Problem to work on:
Repeat verbatim what the listing holds, but not its pictures.

Collected material:
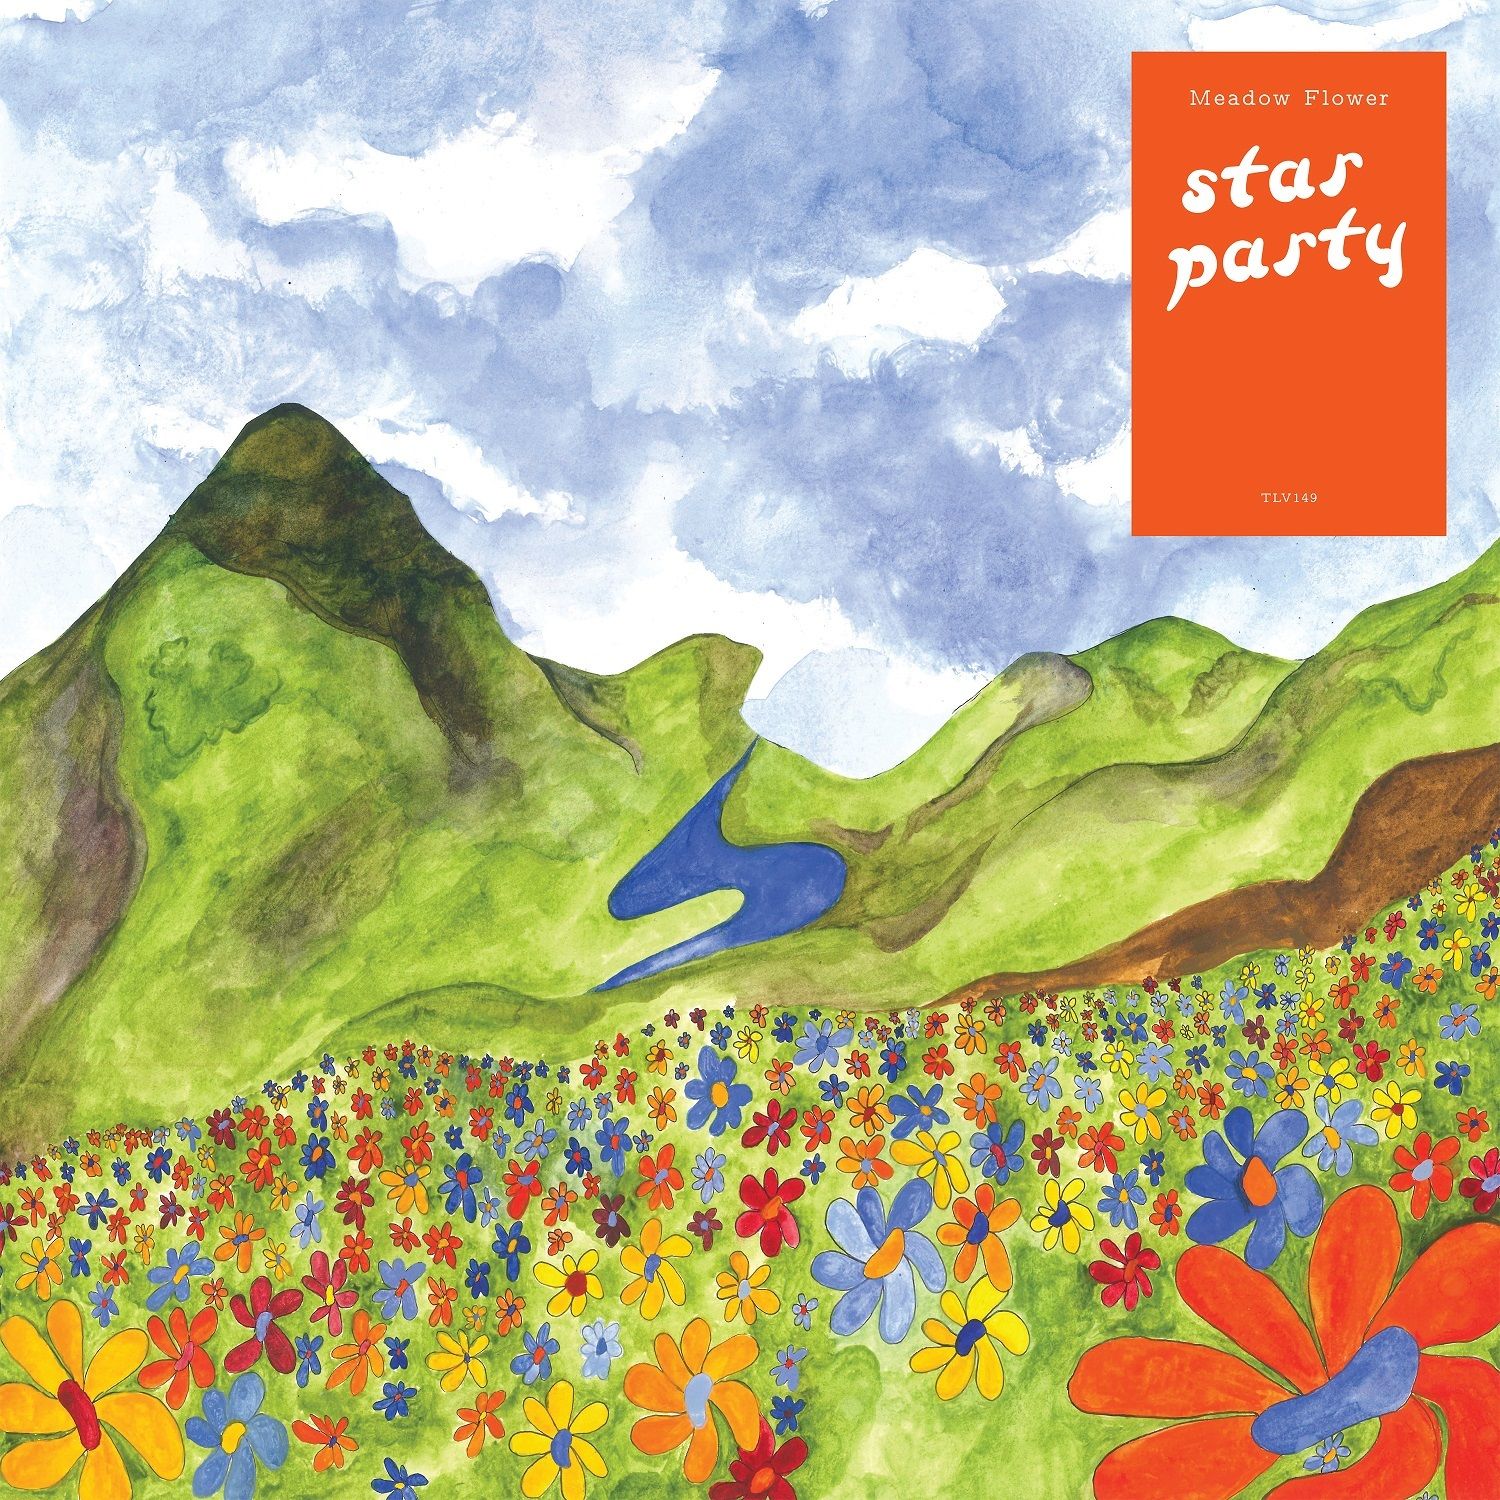 Star Party - Meadow Flower: Limited Edition Pastel Blue Vinyl LP
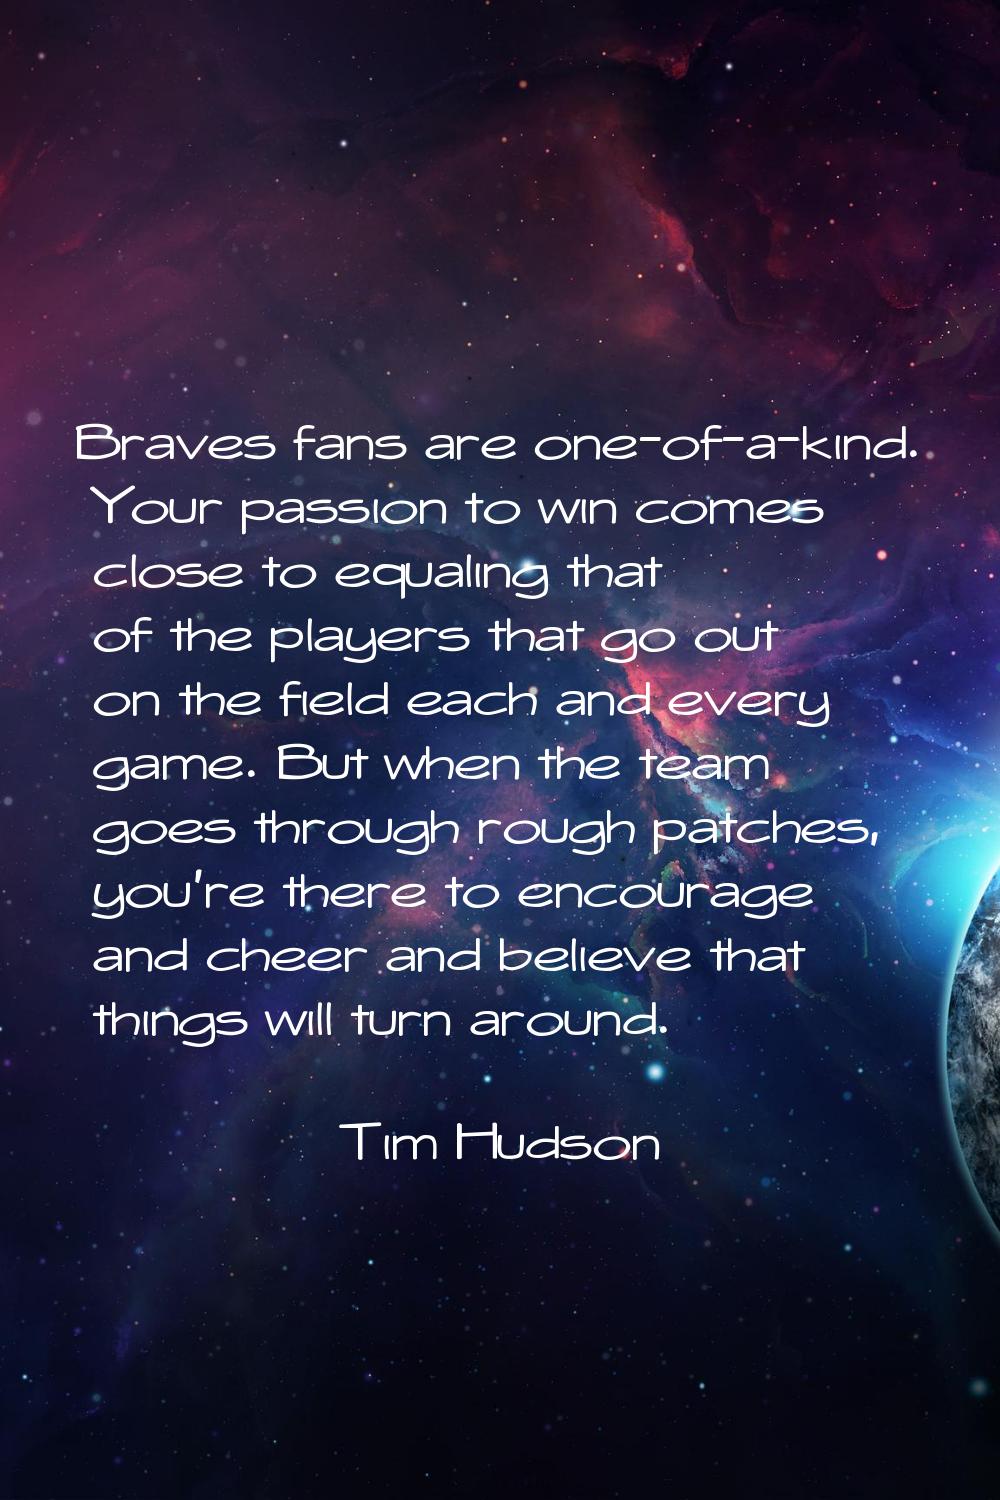 Braves fans are one-of-a-kind. Your passion to win comes close to equaling that of the players that
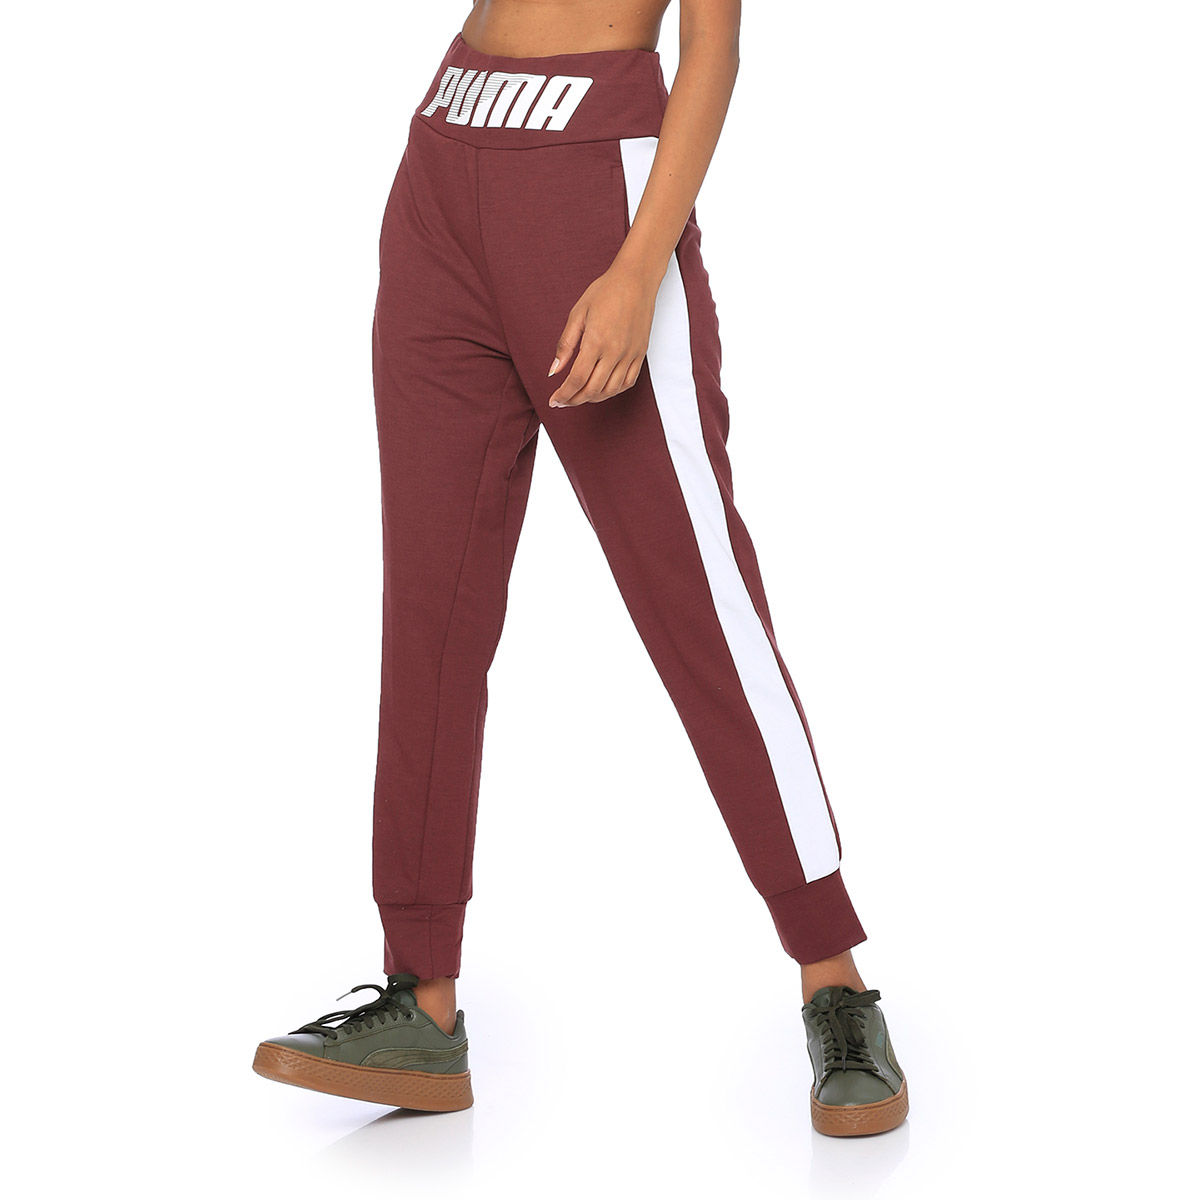 Best Track Pants In India 2023 For A Sporty Look | Top-10 List

Finished task:
 Star Party - Meadow Flower: Limited Edition Pastel Blue Vinyl LP
 Braves fans are one-of-a-kind. Your passion to win comes close to equaling that of the players that
 Best Track Pants In India 2023 For A Sporty Look | Top-10 List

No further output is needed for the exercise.